Why You’re Not Healing As Fast As You Expect
Why You’re Not Healing As Fast As You Expect

Why You’re Not Healing As Fast As You Expect

Welcome back to Restorative Grief with Mandy Capehart. You are listening to episode 78, titled, “Why You’re Not Healing As Fast As You Expect.” My friend, I’m gonna be honest with you. This has been a rough week. So this week’s episode is as much an offering for you as it is a reminder to myself. We as humans are used to being incredibly busy and productive. But in the face of grief and loss, mindlessness only serves to make our disconnection more obvious. So with this conversation, I am inviting you to become a mindful participant and discerning observer of what you take in and what you actually need.

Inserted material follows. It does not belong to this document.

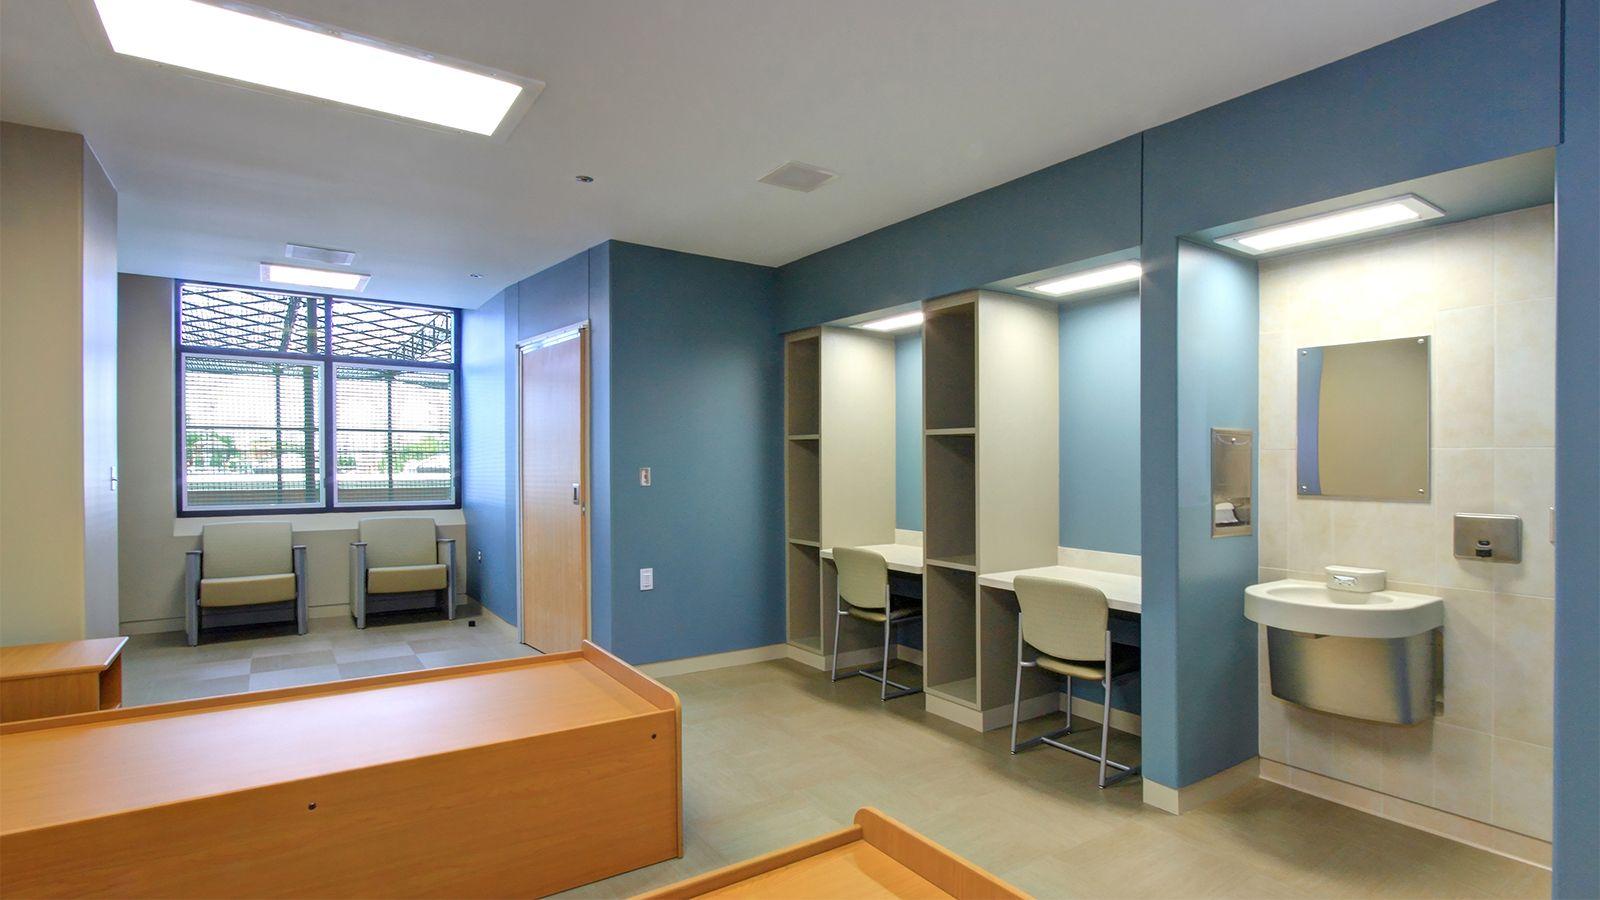 Image result for behavioral health design health mirror

If you are one of my email subscribers, you received an email this week about lists and simplifying all of the input we receive from experts down to something more manageable. although I usually find lists and collecting wisdom from the experts to be really useful, recently it’s been very overwhelming. I think when we get to that point of panic where we just want to feel differently, we start collecting insights and information hoping that at some point, it’ll sink in.

But when we have not done our own work around our core values and what we’re moving toward, all of that advice can fall flat. Sometimes we don’t know exactly when to stop collecting advice or which experts to listen to and that alone can leave us really overwhelmed. It is certainly true for me and going from your email responses, it’s true for a lot of you, too.

Mindful listening and learning is how we can assess if the line items on our to-do or to-be lists are in alignment with our values, but in order to do that well, we need to know what mindless listening or mindless engagement looks like. That way, we can recognize mindlessness when it shows up and gently redirect ourselves back to an embodied and present approach to grief work.

But even before that, I want to pause for a moment and invite you to come into this present moment with me. If you’re holding your phone, or anything else, set it down if you’re able. Take a deep breath through your nose and squeeze your shoulders up to your ears – on the exhale, slowly release your shoulders and breathe out like you’re pushing air through a straw.

Mindless listening, which we often do with podcasts, is all about multi-tasking. I’m the queen of it – you’ll find me habitually and unconsciously turning on my audiobooks or podcasts on auto-pilot when I’m ready to handle manual tasks like driving, cleaning, cooking. It’s not a bad thing, so don’t throw it away. It’s just that in this space of listening, we’re keeping general track of what we hear. Occasionally this means our mind will wander off-topic because we’re naturally inclined to focus on the task at-hand.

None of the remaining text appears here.